Разработанный ранее высокоэффективный метод криоконсервирования нормозооспермического эякулята был применен для единичных эпидидимальных спермиев с целью использования в программах вспомогательных репродуктивных технологий (ВРТ). Клетки охлаждали в капиллярах с раствором 20% сахарозы и 15% глицерина от 22 до –35°С со скоростью 1 град/мин, от –35 до –70°С со скоростью 20 град/мин, а затем микрокапилляры погружали в жидкий азот. После отогрева выживаемость сперматозоидов составила 92%. Ооциты оплодотворяли микроинъекцией единичного спермия, после культивирования и оценки качества эмбрион переносили в полость матки. Частота наступления беременности после использования криоконсервированных спермиев была выше (53,1%), чем свежеаспирированных клеток (46,1%). Таким образом показана применимость использованного метода криоконсервирования в ВРТ для пациентов с азооспермией.
Розроблений раніше високоефективний метод кріоконсервування нормозооспермічного еякуляту було застосовано для поодиноких епідидімальних сперміїв з метою використання в програмах допоміжних репродуктивних технологій (ДРТ). Клітини охолоджували в капілярах з розчином 20% сахарози і 15% гліцерину від 22 до –35°С зі швидкістю 1 град/хв, від –35 до –70°С зі швидкістю 20 град/хв, а потім мікрокапіляри занурювали в рідкий азот. Після відігріву виживаність сперматозоїдів склала 92%. Ооцити запліднювали мікроін’єкцією поодинокого спермія, після культивування та оціювання якості ембріон переносили до порожнини матки. Частота настання вагітності після використання кріоконсервованих сперміїв була вищою (53,1%), ніж свіжоаспірованих клітин (46,1%). Таким чином, показано придатність застосованого методу кріоконсервування в ДРТ для пацієнтів з азооспермією.
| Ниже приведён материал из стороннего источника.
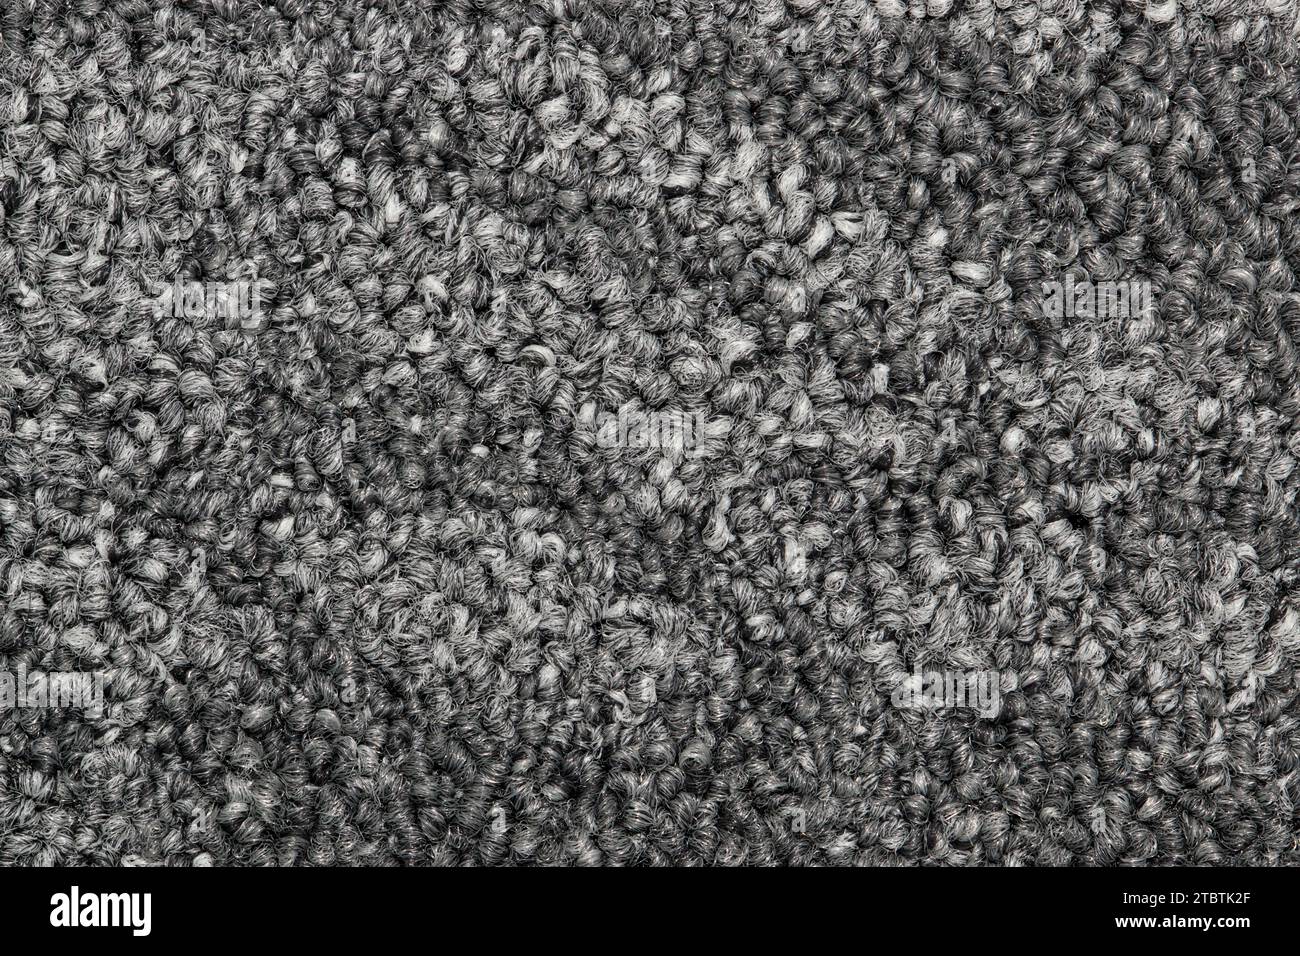 Dark gray color two tone swatch section of carpet sample, closeup directly above full frame image. Stock Photo

Previously developed highly effective method for cryopreservation of normozoospermic ejaculate was applied for single epididymal spermatozoa for following using in assisted reproductive technologies (ART). The cells were cooled in microcapillaries with solution of 20% sucrose and 15% glycerol from 22 down to –35°C with rate of 1 deg/min, from –35 down to –70°C with rate of 20 deg/min and thereafter plunged into liquid nitrogen. Post-thaw survival of spermatozoa was 92%. Oocytes were fertilized by injection of single spermatozoa, the embryos were cultured, assessed for pronuclei peresence and transfered into uterus. Pregnancy rate after using cryopreserved cells was higher (53.1%) than after using fresh asperated cells (46.1%). Thus the utilized method of cryopreservation could be effectively used in ART for patients with azoospermy.